— Но я не имею потребности в дополнительной рабочей силе, мой мальчик. И мне кажется, что я тебе это уже говорил.
— Начальник артели дал мне тумака. По спине. В знак того, что я готов.
— Ага… Удивительно. Сам Неби?
— Никто иной.
— Что умеешь? По-настоящему.
— Готовить гладкую подложку из гипсовой штукатурки.
— Ну да, ну да… Почему бы тебе не остаться при этом занятии? Хороший штукатур в селении, знаешь ли, всегда при деле.

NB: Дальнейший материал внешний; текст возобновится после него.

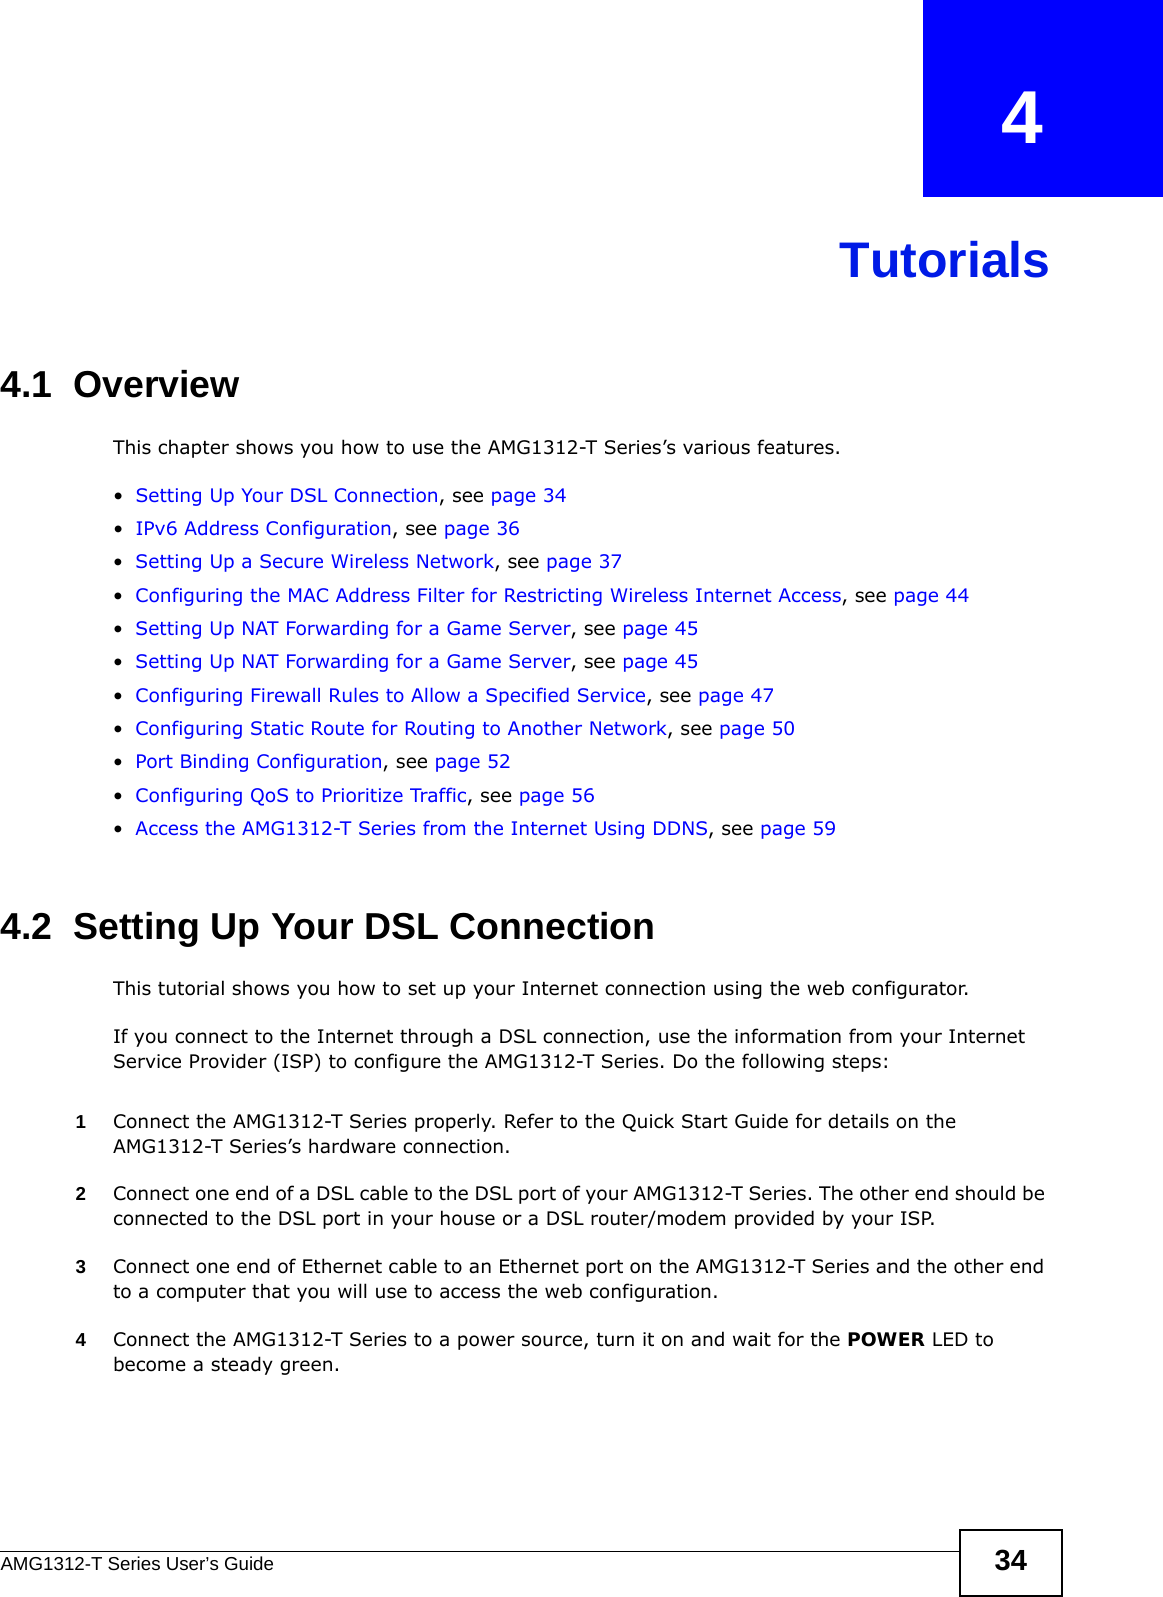 AMG1312-T Series User’s Guide 34CHAPTER   4Tutorials4.1  OverviewThis chapter shows you how to use the AMG1312-T Series’s various features.•Setting Up Your DSL Connection, see page 34•IPv6 Address Configuration, see page 36•Setting Up a Secure Wireless Network, see page 37•Configuring the MAC Address Filter for Restricting Wireless Internet Access, see page 44•Setting Up NAT Forwarding for a Game Server, see page 45•Setting Up NAT Forwarding for a Game Server, see page 45•Configuring Firewall Rules to Allow a Specified Service, see page 47•Configuring Static Route for Routing to Another Network, see page 50•Port Binding Configuration, see page 52•Configuring QoS to Prioritize Traffic, see page 56•Access the AMG1312-T Series from the Internet Using DDNS, see page 594.2  Setting Up Your DSL ConnectionThis tutorial shows you how to set up your Internet connection using the web configurator. If you connect to the Internet through a DSL connection, use the information from your Internet Service Provider (ISP) to configure the AMG1312-T Series. Do the following steps:1Connect the AMG1312-T Series properly. Refer to the Quick Start Guide for details on the AMG1312-T Series’s hardware connection. 2Connect one end of a DSL cable to the DSL port of your AMG1312-T Series. The other end should be connected to the DSL port in your house or a DSL router/modem provided by your ISP.3Connect one end of Ethernet cable to an Ethernet port on the AMG1312-T Series and the other end to a computer that you will use to access the web configuration.4Connect the AMG1312-T Series to a power source, turn it on and wait for the POWER LED to become a steady green.

— Мне хочется пойти дальше.
— А сумеешь?
— Увидите.
— Никто не вправе не подчиняться приказам начальника артели, — признал Шед Избавитель, — и посему я должен буду отдать тебя в руки рисовальщиков. Пусть они попробуют преподать тебе хотя бы начальные навыки своего ремесла: И ты, полагаю, сам вскоре поймешь, что нет у тебя дарований, потребных для нашей работы. Знаешь, сколько таких, как ты, у нас побывало? И все обожглись. Впрочем, сейчас даже это невозможно.
Панеб вскипел.
— Это еще почему?
— Несколько дней селение будет жить событием из ряда вон выходящим: нам предстоит завершить ряд срочных и ответственных работ. Вот почему у нас совершенно нет времени на обучение подмастерья.
Панеб решил, что художник над ним издевается.
— А что стряслось?
— Рамсес Великий прибывает на торжественное освящение храма.
64
А вот если бы с престарелым царем что-нибудь стряслось… Несчастный случай. И хорошо бы со смертельным исходом, Эта соблазнительная мысль не покидала Мехи с тех пор, как его вместе со всей фиванской знатью уведомили о прибытии фараона. А ведь это царь, и никто иной, удерживает начальника Собека на его месте и надзирает за Местом Истины, никогда не теряя бдительности. Исчез бы Рамсес, и селение лишилось бы своего главного защитника и хранителя.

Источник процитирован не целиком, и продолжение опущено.